Voronoi summation formulas, oscillations of Riesz sums, and Ramanujan-Guinand and Cohen type identities

Abstract: We derive Vorono\"{\dotlessi} summation formulas for the Liouville function $\lambda(n)$, the M\"{o}bius function $\mu(n)$, and for $d^{2}(n)$, where $d(n)$ is the divisor function. The formula for $\lambda(n)$ requires explicit evaluation of certain infinite series for which the use of the Vinogradov-Korobov zero-free region of the Riemann zeta function is indispensable. Several results of independent interest are obtained as special cases of these formulas.

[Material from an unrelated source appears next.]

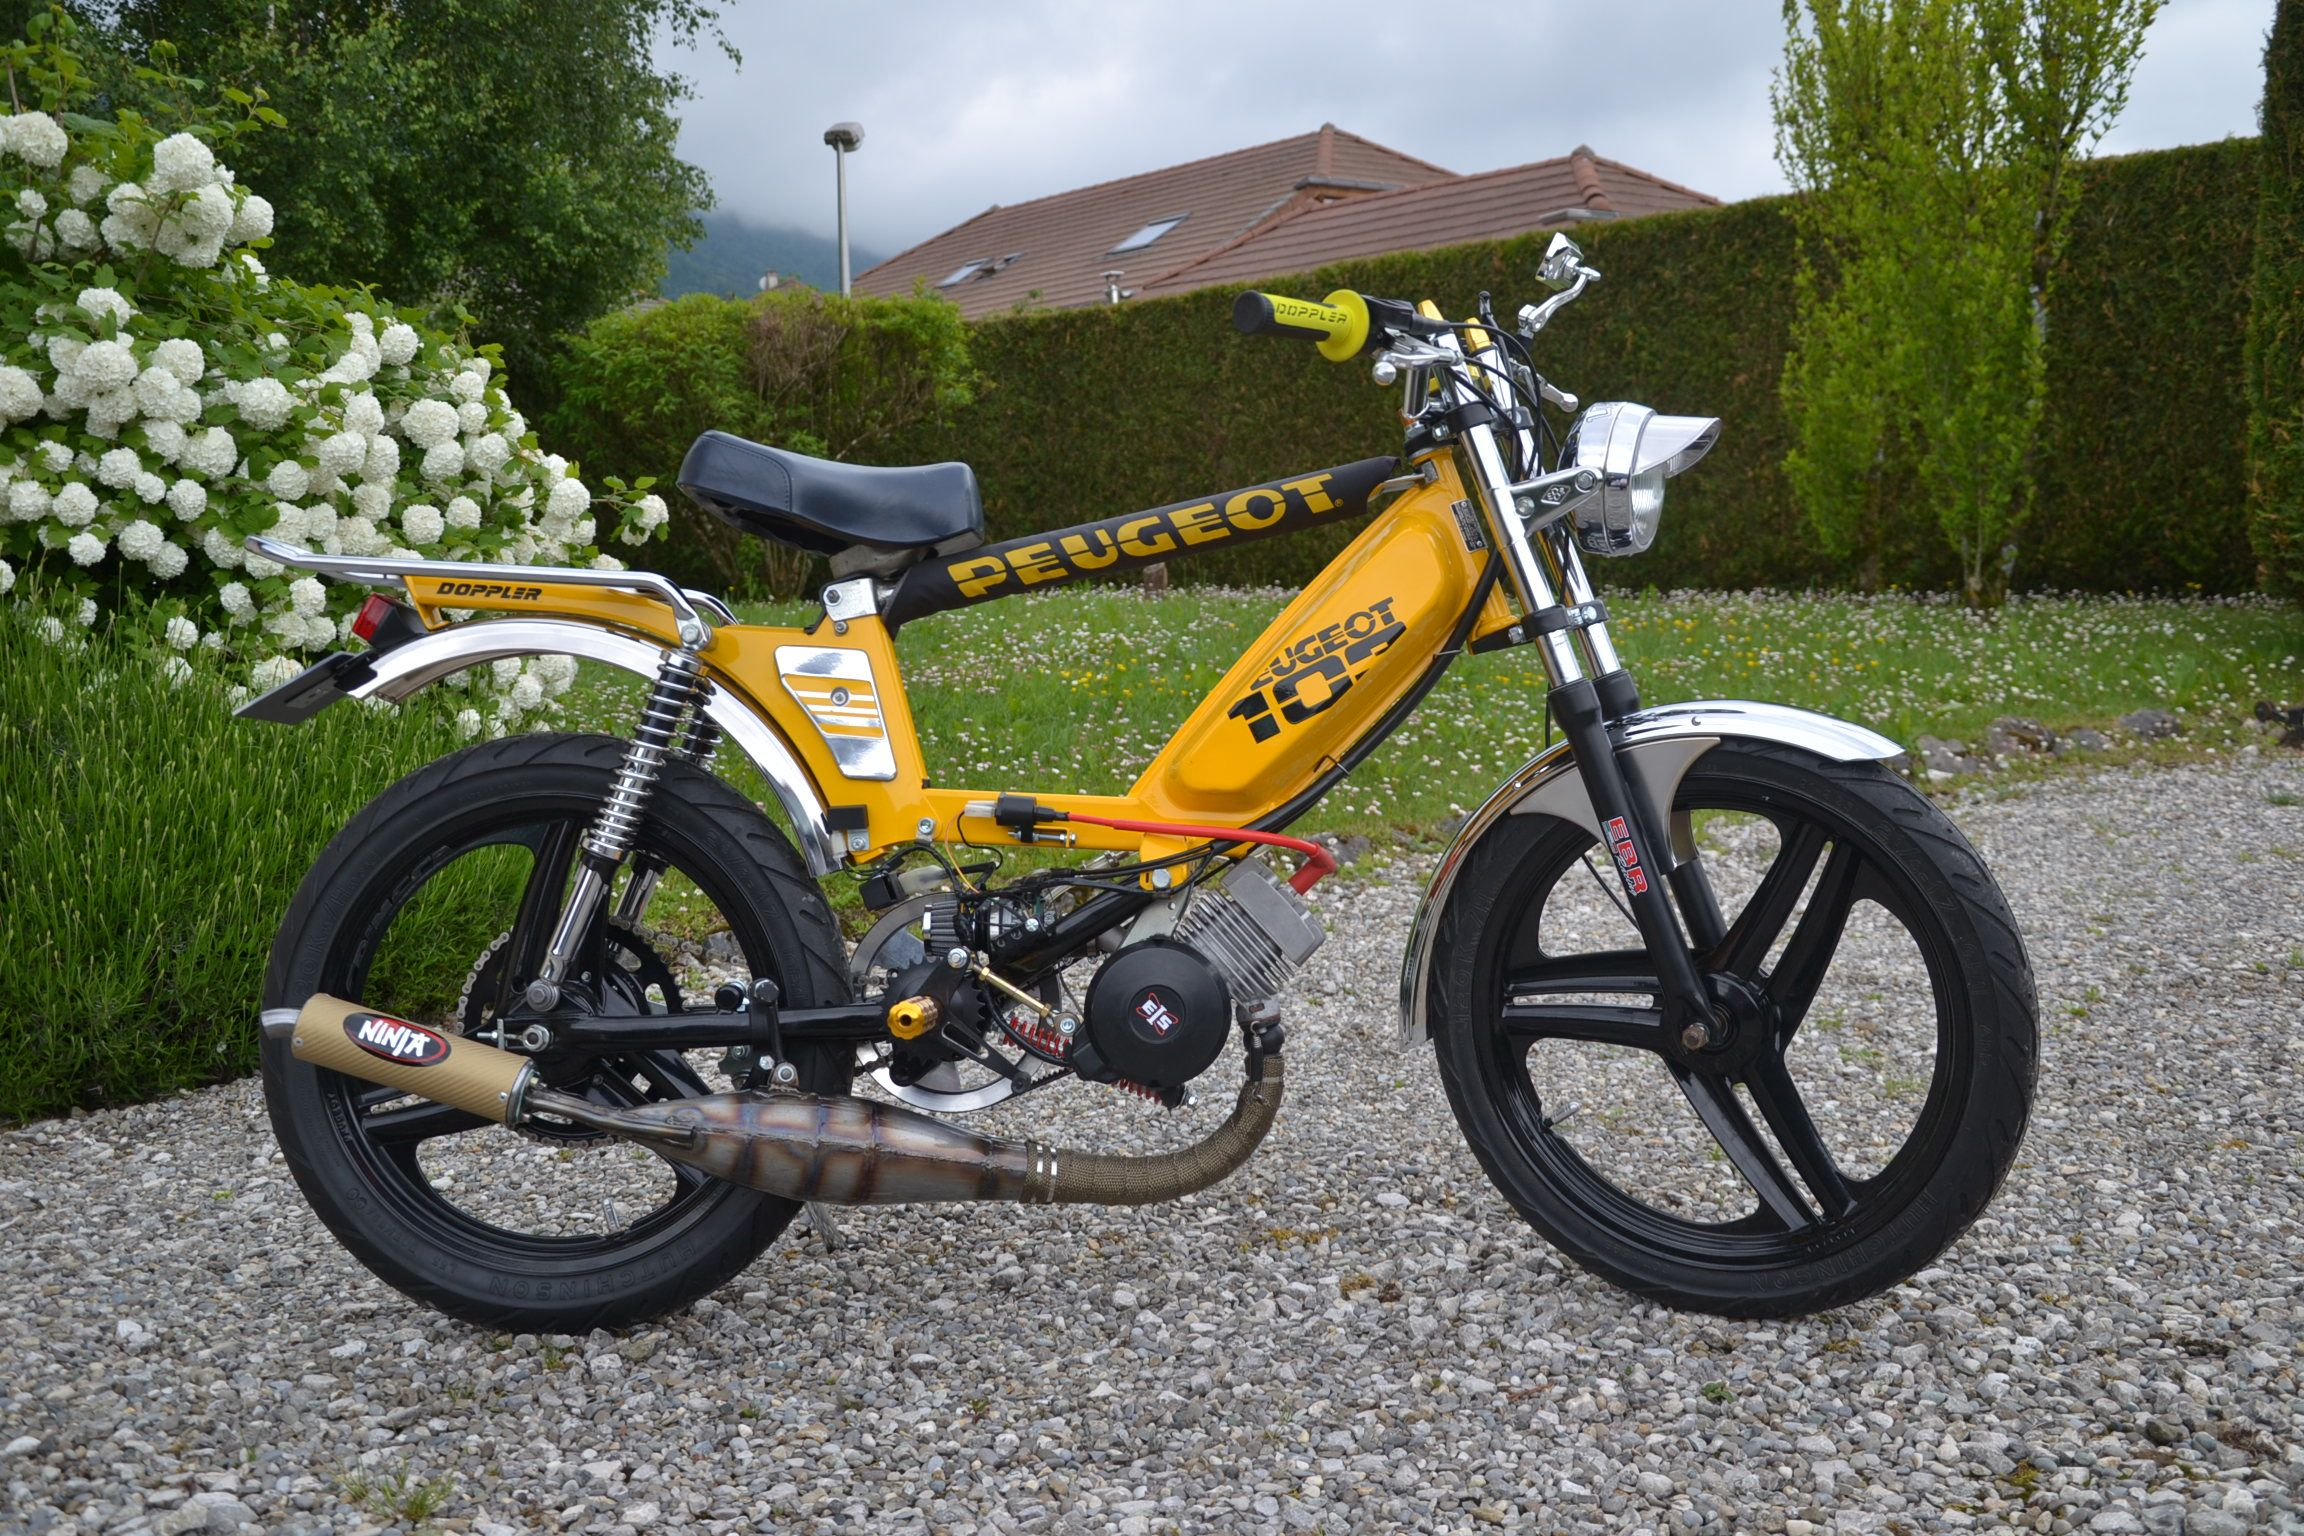 moped peugeot 103 mobylette doppler ninja polini mopedarmy mobylette pinterest. Black Bedroom Furniture Sets. Home Design Ideas

For example, a special case of the one for $\mu(n)$ is a famous result of Ramanujan, Hardy, and Littlewood. Cohen type and Ramanujan-Guinand type identities are established for $\lambda(n)$ and $\sigma_a(n)\sigma_b(n)$, where $\sigma_s(n)$ is the generalized divisor function. As expected, infinite series over the non-trivial zeros of $\zeta(s)$ now form an essential part of all of these formulas. A series involving $\sigma_a(n)\sigma_b(n)$ and product of modified Bessel functions occurring in one of our identities has appeared in a recent work of Dorigoni and Treilis in string theory. Lastly, we obtain results on oscillations of Riesz sums associated to $\lambda(n), \mu(n)$ and of the error term of Riesz sum of $d^2(n)$ under the assumption of the Riemann Hypothesis, simplicity of the zeros of $\zeta(s)$, the Linear Independence conjecture, and a weaker form of the Gonek-Hejhal conjecture.